Virtuele netwerkschijven in Windows

Af en toe stuit je op services of tools die – vaak in de goedkopere versies – niet overweg kunnen of willen met opslagruimtes op het netwerk. In de meeste gevallen valt daar wel iets aan te doen: je laat Windows geloven dat zo’n opslagruimte een lokale harde schijf is! In deze workshop leggen we uit hoe je dat doet.

Een bekend voorbeeld van een tool die bewust de toegang tot netwerklocaties voor de gebruiker heeft afgesneden, is de ingebouwde Backup van Windows 7 Home Premium. Alleen de duurdere Windows-versies staan het je toe een backup van je databestanden of een systeemkopie op te slaan op een netwerkschijf. Ervaren gebruikers proberen het dan meteen door een lokale stationsletter aan zo’n netwerkmap te koppelen – dat kan via de Verkenner door vanuit het contextmenu van die map de optie Netwerkverbinding te kiezen. Jammer, maar helaas: de stationsletter duikt niet op in de lijst met backuplocaties. Een vergelijkbaar verhaal vinden we bij Windows Media Center en bij de gratis versie van desktopzoekmachine Copernic Desktop Search. Ook deze laatste weigert halsstarrig bestanden op netwerklocaties te indexeren.

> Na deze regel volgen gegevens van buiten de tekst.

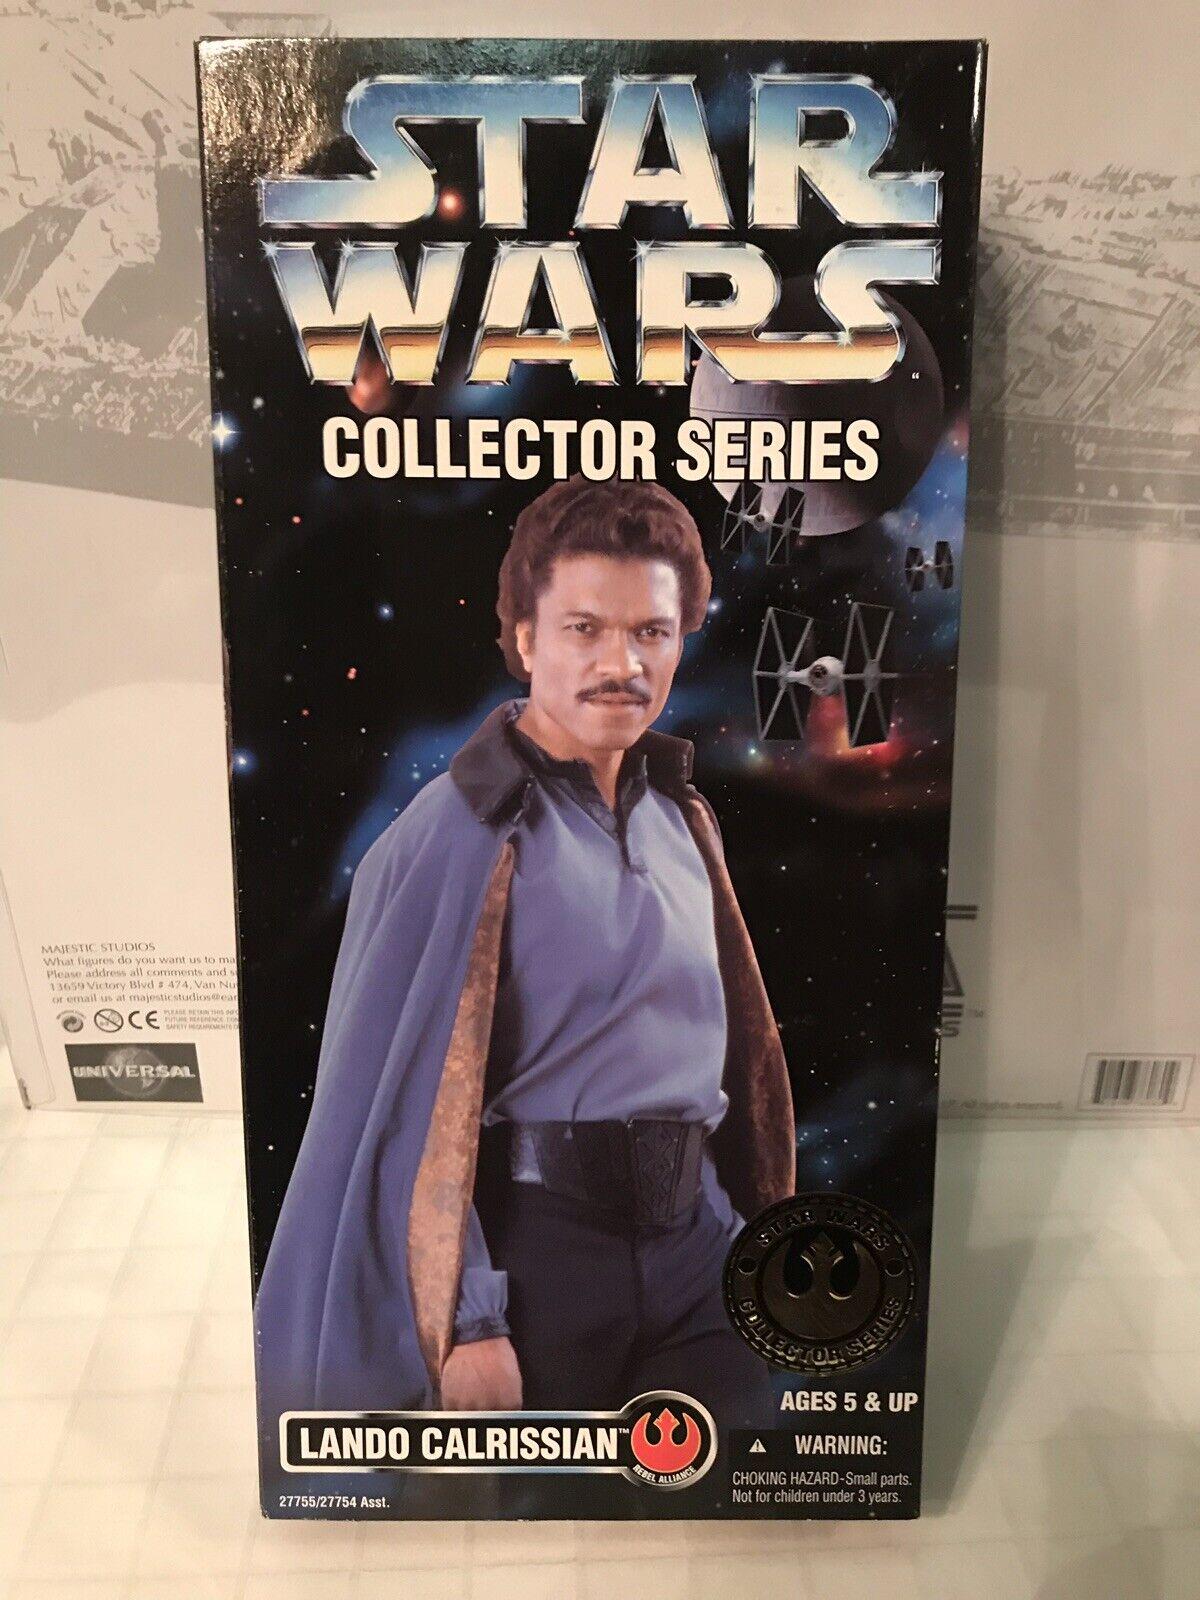 """Star Wars Collector Series Lamdo Calrissian 12"""""""

Er zijn een paar slimme omwegen waarmee je zulke tools alsnog ‘dwingt’ een netwerklocatie te aanvaarden. Het achterliggende idee is even eenvoudig als doeltreffend: je creëert een virtuele schijf op die netwerklocatie en doet het besturingssysteem – en dus ook de programma’s – geloven dat het om een reguliere, lokale harde schijf gaat. In deze workshop bewandelen we daarvoor twee wegen: via iscsi en via een vhd-schijf binnen Windows.


Gratis versie van Copernic Desktop Search: geen netwerkmappen!

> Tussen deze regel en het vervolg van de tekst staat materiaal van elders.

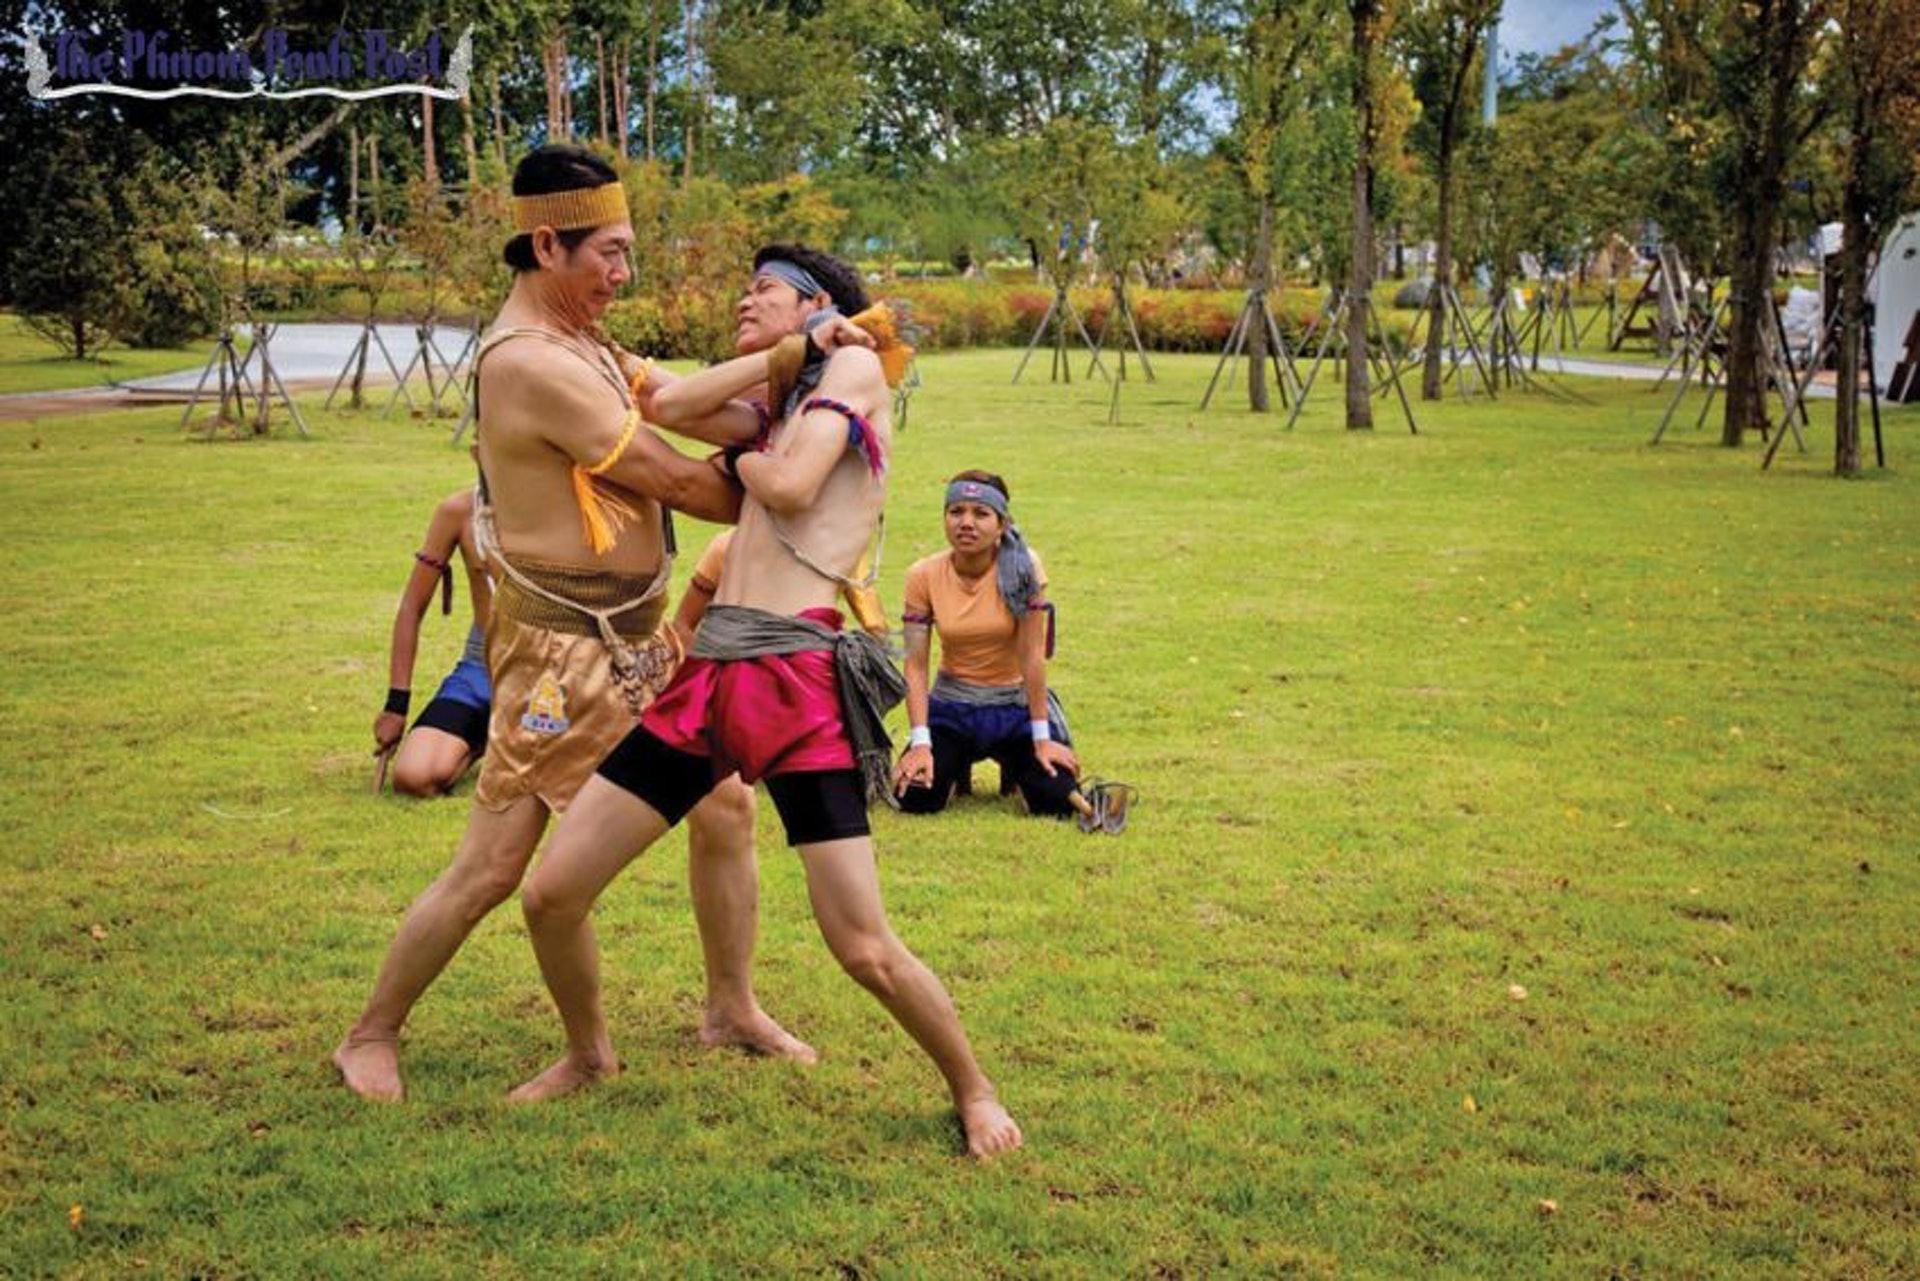 柬埔寨拳的复兴之父

Iscsi staat voor Internet Small Computer System Interface en is een netwerkprotocol ontwikkeld door de IETF (Internet Engineering Task Force). Dit protocol, dat vaak in san-omgevingen (Storage Area Network) te vinden is, maakt het mogelijk scsi-commando’s over een willekeurig tcp/ip-netwerk te verzenden, ongeacht of dat een lan, wan of het internet is. Naar het besturingssysteem toe doet iscsi het voorkomen alsof je een lokaal opslagmedium benadert.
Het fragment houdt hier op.